NSA whistleblower Snowden confirms the NSA jointly developed the Stuxnet computer virus with Israel to take down an Iranian nuclear facility.

Edward Snowden Confirms US Involvement in Stuxnet
Photos of Edward Snowden, a contractor at the National Security Agency (NSA), and U.S. President Barack Obama are printed on the front pages of local English and Chinese newspapers in Hong Kong in this illustration photo June 11, 2013. (Credit: Reuters)

While it has been widely speculated that Stuxnet was the result of a partnership between the US and Israel ever since the computer worm was discovered in 2010, the US government has never officially taken responsibility for it.

At the weekend, German magazine Der Spiegel released an interview with Snowden which it says took place prior to the former NSA employee fleeing his home in Hawaii for Hong Kong on 20 May.

Asked whether the NSA collaborates with Israel, Snowden said: "Yes, all the time. The NSA has a large section for that, called the FAD - Foreign Affairs Directorate." When asked specifically about Stuxnet, Snowden confirmed: "The NSA and Israel wrote Stuxnet together."

Highly complex

Stuxnet was a highly complex computer program which was designed to specifically target a uranium enrichment facility in Natanz, Iran which the US and Israel believed was being used to help Iran develop nuclear weapons. Iran denied this accusation, saying it was being used to help create nuclear power stations.

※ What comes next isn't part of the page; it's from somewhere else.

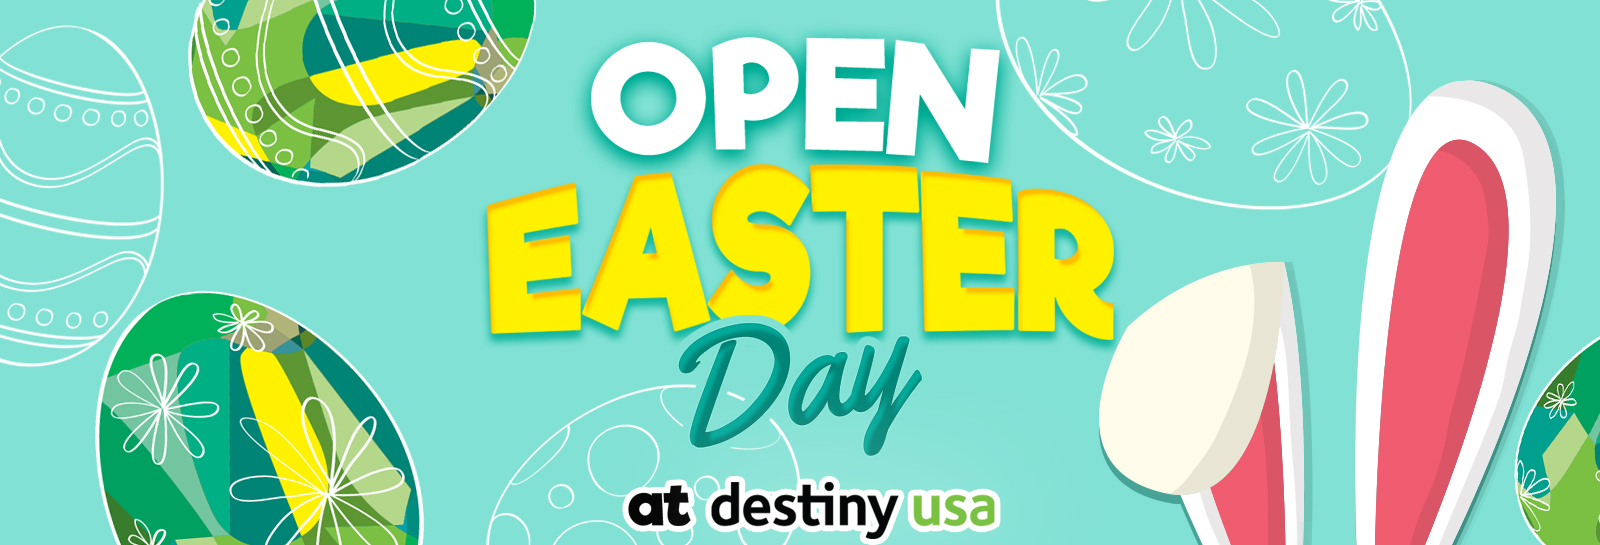 Open on Easter Sunday at Destiny USA - Destiny USA

Stuxnet was designed to make the centrifuges spin out of control and cause physical damage to the plant in Natanz - which it succeeded in doing during 2009.

According to sources who spoke to the New York Times reporter David Sagner last year, Stuxnet was developed under the a top secret programme called Olympic Games which was started under President George W. Bush and continued during President Barack Obama's administration.

Stuxnet was never meant to be released into the wild but it was, and as a result infected millions of PCs around the world and lead to its discovery by security company VirusBlokAda in June 2010.

Writers

Last year an even more complex computer virus called Flame was discovered and while initially it was not linked to Stuxnet, further investigation by Kaspersky Labs identified a module within both which indicated that the writers of Flame were the same as those behind Stuxnet.

Flame has been described by security experts as one of the most complex pieces of malware ever discovered and allowed those who created it to search for and upload documents and files on a remote computer, watch and listen to what's taking place around the infected PC by turning on the camera or microphone, and even copy the address book from mobile phone within range of the computer.

Flame was discovered to be infecting computers in the Middle East, in countries such as Iran, Israel and Sudan, with the majority of infected computers, according to Kaspersky's data, being in Iran.

In bed

As well as confirming the NSA's collaboration with Israel over Stuxnet, Snowden also confirmed in the interview in Der Spiegel that the NSA was "in bed with the Germans, just like with most other Western states."

This would seem to contradict German Chancellor Angela Merkel who said she was surprised by the spying allegations.

"Other agencies don't ask us where we got the information from and we don't ask them. That way they can protect their top politicians from the backlash in case it emerges how massively people's privacy is abused worldwide," Snowden said.